About this time the Korean War was raging, and Tritt was having difficulty acquiring polyester resin for his cars and boats. The Naugatuck Chemical Company in Naugatuck, Connecticut, after seeing the Boxer, sent Glasspar plenty of Vibrin resin and an order for a G2 sports car to promote their product to the auto industry. Naugatuck's G2 was modified and named the Alembic I and was shown at the Philadelphia Plastics Exhibit in 1952. Life then featured the car in a story, as did the New York Times, the Wall Street Journal and many auto trade magazines. The Glasspar Company then went public and sold stock to raise capital.

Bill Tritt also designed and/or built fiberglass car bodies for Californian Woodill Wildfire, British Singer Car Company, Willys, Kaiser, Volvo, and Walt Disney. His last fiberglass car design was the Ascot which the Glasspar board of directors rejected in favor of staying with the core business of boat building. Tritt left Glasspar shortly afterward.

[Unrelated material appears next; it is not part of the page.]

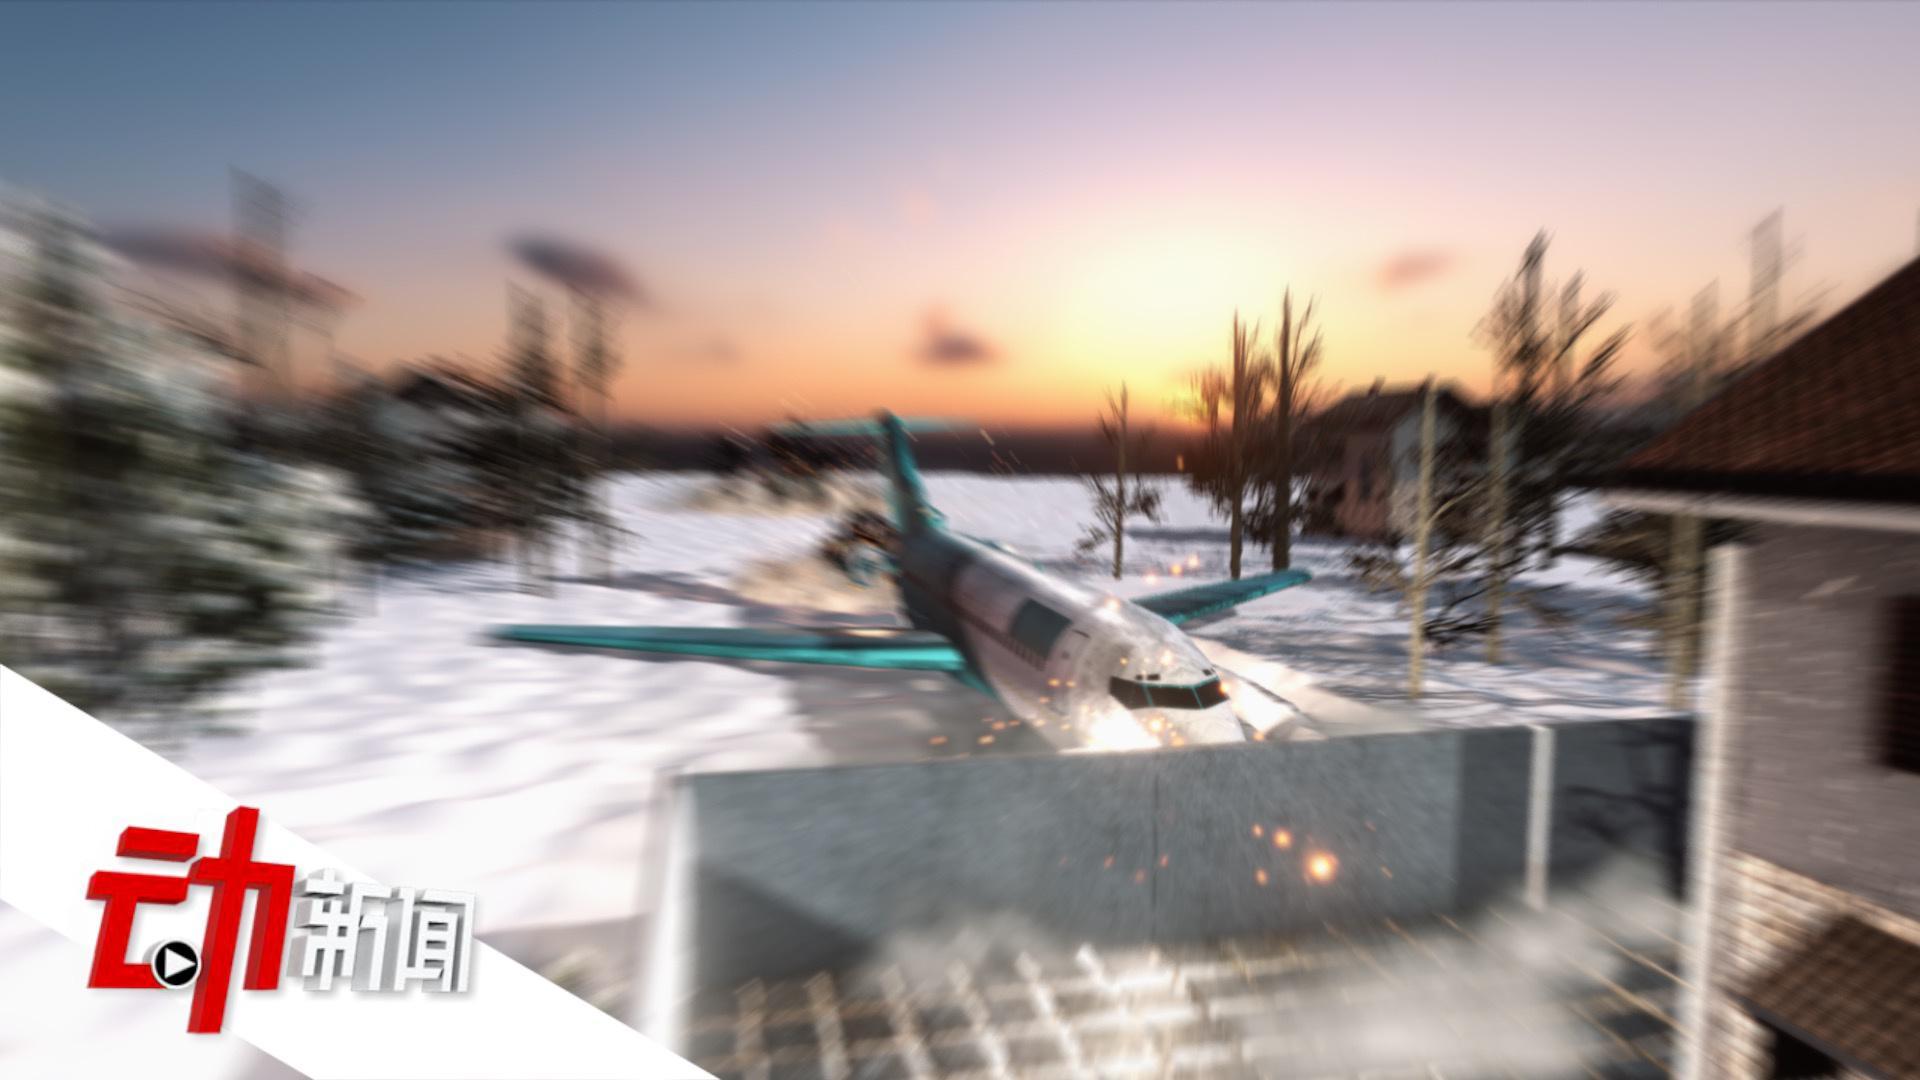 3D还原哈98人客机坠毁瞬间:19秒升至670米下坠 扎进二层楼房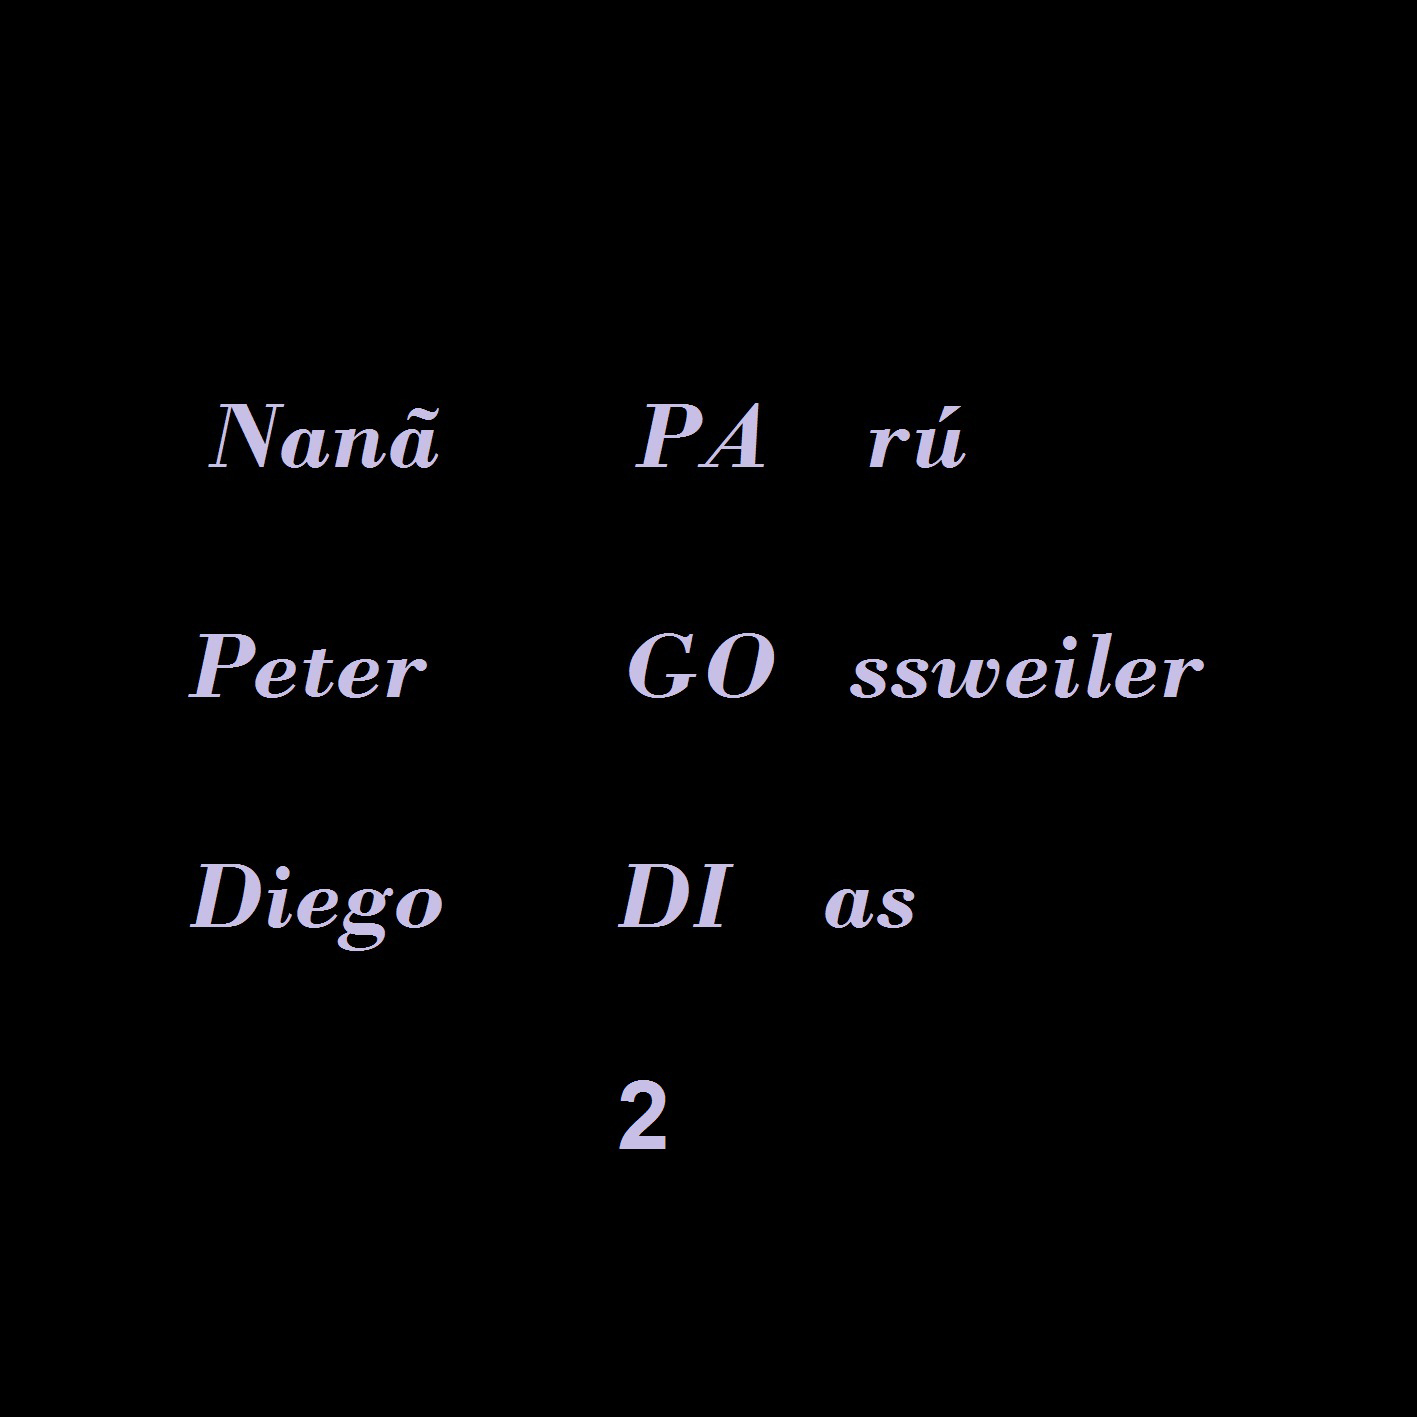 MSRCD 028 - Nanã Parú, Peter Gossweiler, Diego Dias - PAGODI 2

Disneyland, in Anaheim, California, was building its Autopia automobile track and commissioned Bill Tritt and Glasspar to build the fiberglass car bodies. They were small, single-seat, self-powered cars using Briggs & Stratton lawn-mower type engines with centrifugal clutches. The cars were originally designed to use aluminum wrap-around bumpers provided by Kaiser Aluminum, but later changed to the more suitable steel.